Священник осмотрелся по сторонам и понял, что вокруг него никого нет. Он оставил позади последние дома с закрытыми дверьми и ставнями на окнах и теперь шел между двух длинных стен из больших и бесформенных, но гладких камней, утыканных кое-где странными колючими сорняками, произрастающими в этом регионе. Стены эти шли параллельно до самых ворот. Огней кафе за воротами видно не было – наверное, оно располагалось слишком далеко. Через арку не просматривалось ничего, кроме больших каменных плит, которыми была выстлана казавшаяся совсем белой в свете луны улица, да кактусов, которые кое-где проросли сквозь щели. И тут отец Браун вдруг явственно почувствовал запах зла, ощутил какую-то странную физическую подавленность, но и не подумал остановиться. Он был достаточно смелым человеком, но любопытство его превосходило даже это чувство. Всю свою жизнь он испытывал непреодолимую тягу к познанию истины, даже в мелочах. Доходило до того, что он иногда специально подавлял в себе это чувство, чтобы сохранять хоть какое-то равновесие в душе, и все же оно не покидало его ни на секунду. Едва он прошел через арку, с дерева по-обезьяньи спрыгнул человек и ударил его ножом. В тот же миг еще один человек, прижимавшийся до этого к стене, бесшумно метнулся к нему и с размаху опустил на него дубинку. Отец Браун повернулся, качнулся и мешком повалился на землю. Но прежде чем он упал, на лице его появилось выражение совершенно искреннего и безмерного удивления.
В том же крошечном городке, в то же время жил еще один молодой американец, которого можно было назвать прямой противоположностью мистера Пола Снайта. Звали его Джон Адамс Рейс, и был он электротехником, состоящим на службе у Мендозы, который доверил ему обеспечение старого города новинками техники. В сатирических памфлетах и международных сплетнях такие личности, как он, встречаются намного реже, чем журналисты. Тем не менее в Америке на одного человека такого морального склада, как Снайт, приходится миллион людей такого морального склада, как Рейс. Его исключительность ограничивалась тем, что он исключительно добросовестно относился к своей работе, во всем остальном это был самый обычный простоватый человек. Трудовую жизнь он начал помощником аптекаря в одной западной деревеньке и нынешнего положения добился исключительно трудом и добродетелью. Однако он все еще считал свой родной городок сердцем обитаемого мира.

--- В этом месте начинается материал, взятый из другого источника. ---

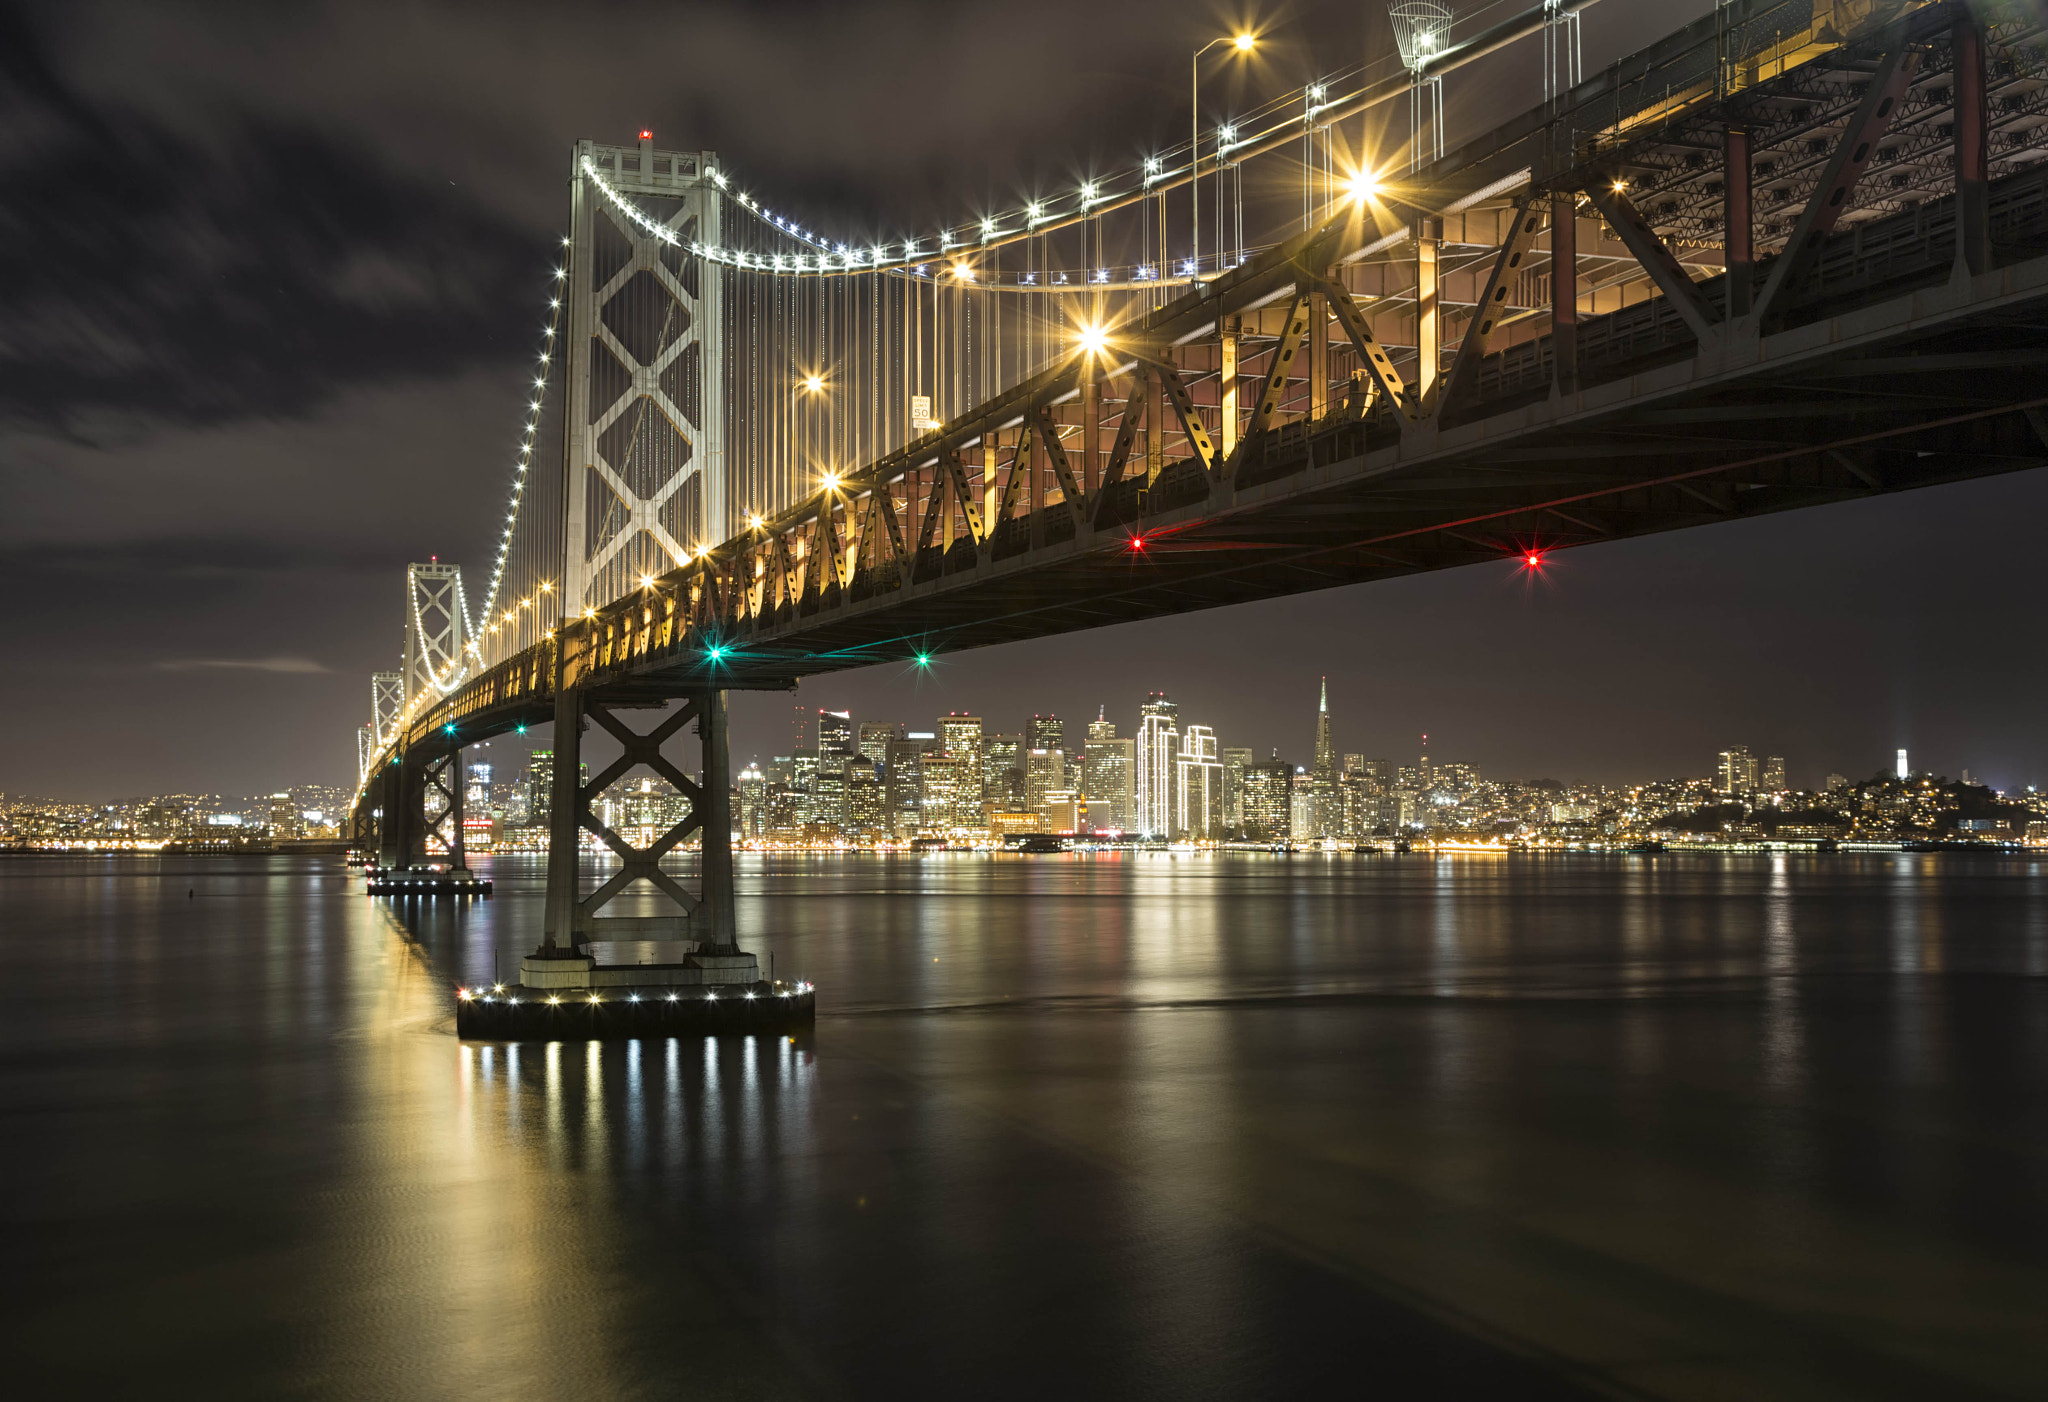 City Of San Francisco Bay Bridge Night Lights California United States Hd  Wallpapers For Tablets Free Download 3840x2400 :

В детстве, сидя на коленях у матери и слушая, как она читает старую семейную Библию, он впитал в себя очень пуританское, даже евангелическое восприятие христианства, и по сей день, когда у него оставалось время задумываться о религии, то была его религия. Среди ослепительных вспышек самых последних и даже самых невероятных открытий, находясь на самых передовых позициях эксперимента, подобно Творцу Всевышнему, создающему новые звезды и солнечные системы, творя чудеса со светом и звуком, он ни на миг не усомнился в том, что «дома» лучше всего: мама, семейная Библия, спокойная, хоть и немного чудная жизнь родной деревни. Перед матерью своей он преклонялся, как легкомысленный француз. Вся религия для него заключалась в перечитывании старой семейной Библии, только всякий раз, попадая в современный мир, он чувствовал смутное волнение. Вряд ли обрядность католичества пришлась бы ему по душе, поэтому, испытывая неприятие к разным митрам и епископским посохам, он почувствовал некоторое сходство с мистером Снайтом, хоть и выражал свои взгляды не в такой самоуверенной форме. Публичные поклоны и расшаркивания Мендозы ему претили, что уж говорить об атеисте Альваресе со всем его масонским мистицизмом.
Возможно, что вся эта почти тропическая жизнь, пересыпанная индейской киноварью и испанским золотом, просто была для него слишком яркой. Как бы то ни было, когда он говорил, что нет ничего более славного, чем его родной городок, он не кривил душой. Он действительно был уверен, что где-то есть что-то чистое, простое, трогательное, что-то такое, что он в самом деле уважал больше всего на свете. И вот, имея в душе такое отношение к миру и людям, Джон Адамс Рейс, сидя на одной южноамериканской станции, вдруг почувствовал, что внутри него растет какое-то непривычное чувство, которое противоречило всем его давним предубеждениям и которое он не понимал. И дело заключалось вот в чем: единственным, что когда-либо попадалось ему на глаза за все его поездки и путешествия, что хоть чем-то напомнило ему старую поленницу у родного домика, провинциальное спокойствие и старую Библию на материнских коленях, стало (по какой-то невообразимой причине) круглое лицо и черный потертый зонтик отца Брауна.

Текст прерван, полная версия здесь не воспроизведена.